_Task objective_. Only one stretch of the data below is needed. Output the lines from the one with "Haba Teddy's Colors and Shapes" up to and including the one with "Portrait of young", exactly as they stand.

(Items from a data source)

....

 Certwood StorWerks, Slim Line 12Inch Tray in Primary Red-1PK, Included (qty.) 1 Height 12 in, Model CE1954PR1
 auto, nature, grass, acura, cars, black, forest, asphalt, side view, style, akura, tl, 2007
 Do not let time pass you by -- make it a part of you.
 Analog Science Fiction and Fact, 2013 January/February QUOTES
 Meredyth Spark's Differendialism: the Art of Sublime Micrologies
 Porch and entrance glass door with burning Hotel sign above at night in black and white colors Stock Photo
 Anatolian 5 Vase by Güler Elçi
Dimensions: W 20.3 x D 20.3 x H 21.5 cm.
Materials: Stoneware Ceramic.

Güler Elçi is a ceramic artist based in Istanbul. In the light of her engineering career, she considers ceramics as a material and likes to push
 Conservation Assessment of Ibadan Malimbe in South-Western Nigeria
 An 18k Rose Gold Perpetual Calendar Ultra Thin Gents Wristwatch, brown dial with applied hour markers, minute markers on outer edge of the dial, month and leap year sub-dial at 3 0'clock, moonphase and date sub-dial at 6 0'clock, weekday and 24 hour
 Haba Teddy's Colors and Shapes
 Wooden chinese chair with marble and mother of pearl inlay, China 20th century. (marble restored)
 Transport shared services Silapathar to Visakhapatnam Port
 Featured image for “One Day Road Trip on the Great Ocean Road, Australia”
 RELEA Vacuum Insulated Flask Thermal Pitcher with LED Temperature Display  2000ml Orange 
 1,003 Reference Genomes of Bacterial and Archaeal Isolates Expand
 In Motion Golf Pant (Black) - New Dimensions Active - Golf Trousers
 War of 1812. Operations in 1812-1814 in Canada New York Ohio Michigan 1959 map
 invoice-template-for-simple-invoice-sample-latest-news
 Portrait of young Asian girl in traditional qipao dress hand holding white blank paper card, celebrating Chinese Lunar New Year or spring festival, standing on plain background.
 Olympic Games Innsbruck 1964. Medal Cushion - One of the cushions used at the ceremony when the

....

_Result of this exercise_.
 Haba Teddy's Colors and Shapes
 Wooden chinese chair with marble and mother of pearl inlay, China 20th century. (marble restored)
 Transport shared services Silapathar to Visakhapatnam Port
 Featured image for “One Day Road Trip on the Great Ocean Road, Australia”
 RELEA Vacuum Insulated Flask Thermal Pitcher with LED Temperature Display  2000ml Orange 
 1,003 Reference Genomes of Bacterial and Archaeal Isolates Expand
 In Motion Golf Pant (Black) - New Dimensions Active - Golf Trousers
 War of 1812. Operations in 1812-1814 in Canada New York Ohio Michigan 1959 map
 invoice-template-for-simple-invoice-sample-latest-news
 Portrait of young Asian girl in traditional qipao dress hand holding white blank paper card, celebrating Chinese Lunar New Year or spring festival, standing on plain background.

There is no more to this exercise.